Qswarm - stream processing for Ruby
Qswarm is a Ruby DSL for manipulating real-time streams of messages. It defines three basic concepts - connections, sources, and sinks. Connections emit messages which sources can catch, sinking them to other connections. In this way you can construct data flows between systems and transform messages in-flight with Ruby.
Install with:
gem install qswarm
Agent
Use the agent
command to wrap a set of DSL commands.
agent :bob do
...
end
Alternatively you could save each agent in a separate file and use a process manager such as supervisord, god, bluepill to manage the swarm.
Connections
Use connect
to setup connections to services. Currently Logger, AMQP, XMPP, and Twitter are supported. You can also pass an optional block which will be executed once the connection is set up.
Logger
connect :mylog,
:type => :logger,
:filename => 'foo.log'
Logger is a very simple connection type which can be used to append a stream of messages to a file. It can only sink
messages (i.e. doesn't not emit any data) and it provides no arguments to sink
.
AMQP
connect :messages,
:type => :amqp,
:uri => 'guest:guest@localhost:5672/',
:exchange_type => :headers,
:exchange_name => 'myexchange',
:exchange_args => { :durable => true },
:queue_args => { :auto_delete => true, :durable => true, :exclusive => true },
:subscribe_args => { :exclusive => false, :ack => false },
:bind_args => {},
:prefetch => 0,
:bind => 'foo.bar.#',
:format => :json
This sets up an AMQP connection called :messages
using the credentials in :uri
(user:pass@host:port/vhost) and creates the exchange if it doesn't exist already (using :exchange_args
). If a routing key is passed with :bind
then a queue will be created with the dotted concatenation of the agent name and the connection name, e.g. bob.messages, and bound to the exchange specified (you can pass :uniq => true
if you want a UUID appended to the queue name to make it unique for situations such as load balancing). At the moment you can't bind a queue to an exchange without specifying a routing key in :bind
. You can pass configuration to the binding with :bind_args
. Similarly :queue_args
allow you to pass configuration options to the queue creation. Defaults for *_args are as in the example.
The agent is automatically subscribed to the created queue and you can pass :subscribe_args
to configure the subscription.

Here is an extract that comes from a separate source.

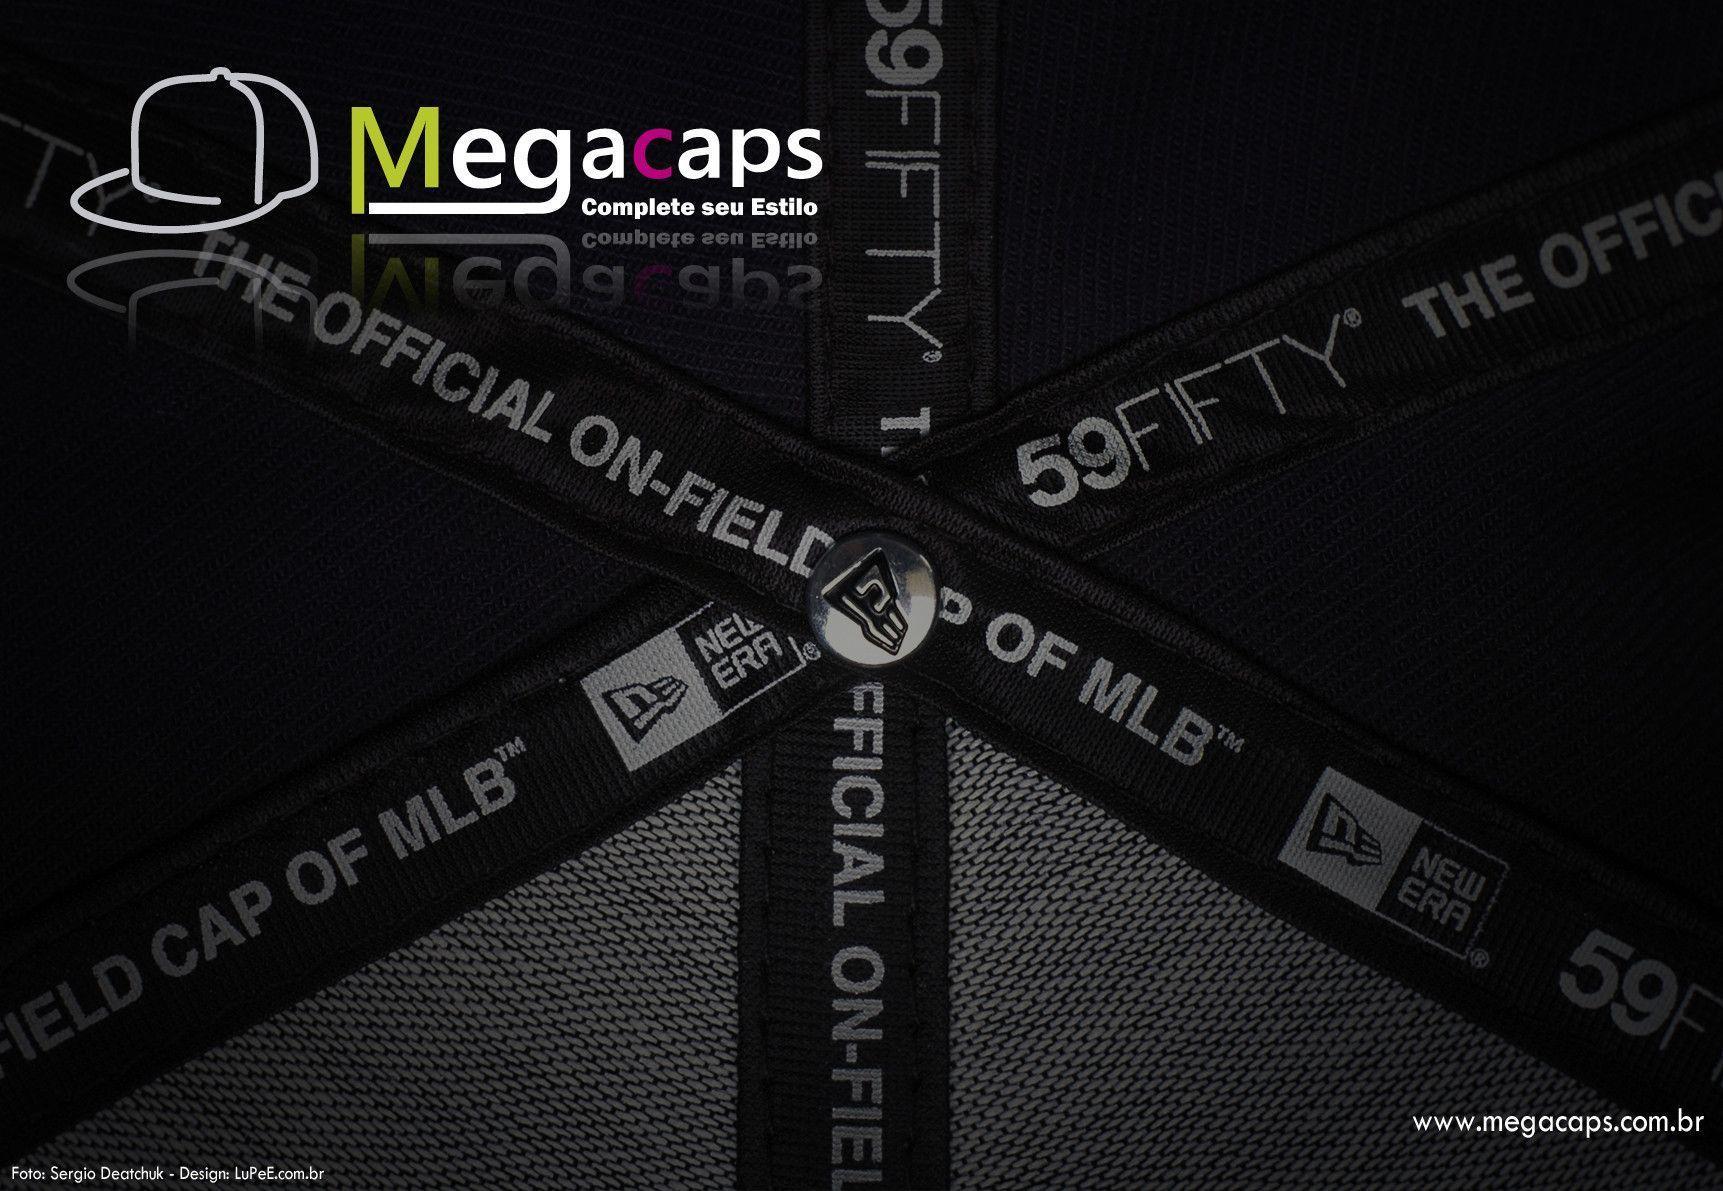 Megacaps Oficial: Wallpaper´s Mega Caps

If you specified :ack
to be true then you can use :prefetch
to specify how many messages you want to have from the queue at a time.
The :format
argument determines what Qswarm does with the payloads it receives and how it transforms messages to be sent, see section Payload.
AMQP sets the following headers for source
to use as guards:
:routing_key
- Any headers from a headers exchange will be passed verbatim
AMQP supports the following arguments to sink
:
-
:routing_key
- the key to post the message under -
:headers
- a Hash that will be used instead of the payload.headers for posting to headers exchanges
XMPP
connect :hipchat,
:type => :xmpp,
:jid => '54321_123456@chat.hipchat.com',
:real_name => 'My bot',
:channel => ['54321_lounge@conf.hipchat.com', '54321_chat@conf.hipchat.com'],
:password => 'foobar'
The above example connects to an XMPP service called :hipchat
using the JID and password provided. The :real_name
will be used when joining groupchat rooms and for some services (like Hipchat) needs to match exactly your registered name including case. The script will automatically join the groupchat channel(s) specified in :channel
and will use these channels list for sinks which don't specify a channel destination. XMPP support is provided using the Blather library, which means that you can include Blather DSL in connect's block to implement bot behaviours. This block will execute once the connection to the XMPP server has been established (when_ready).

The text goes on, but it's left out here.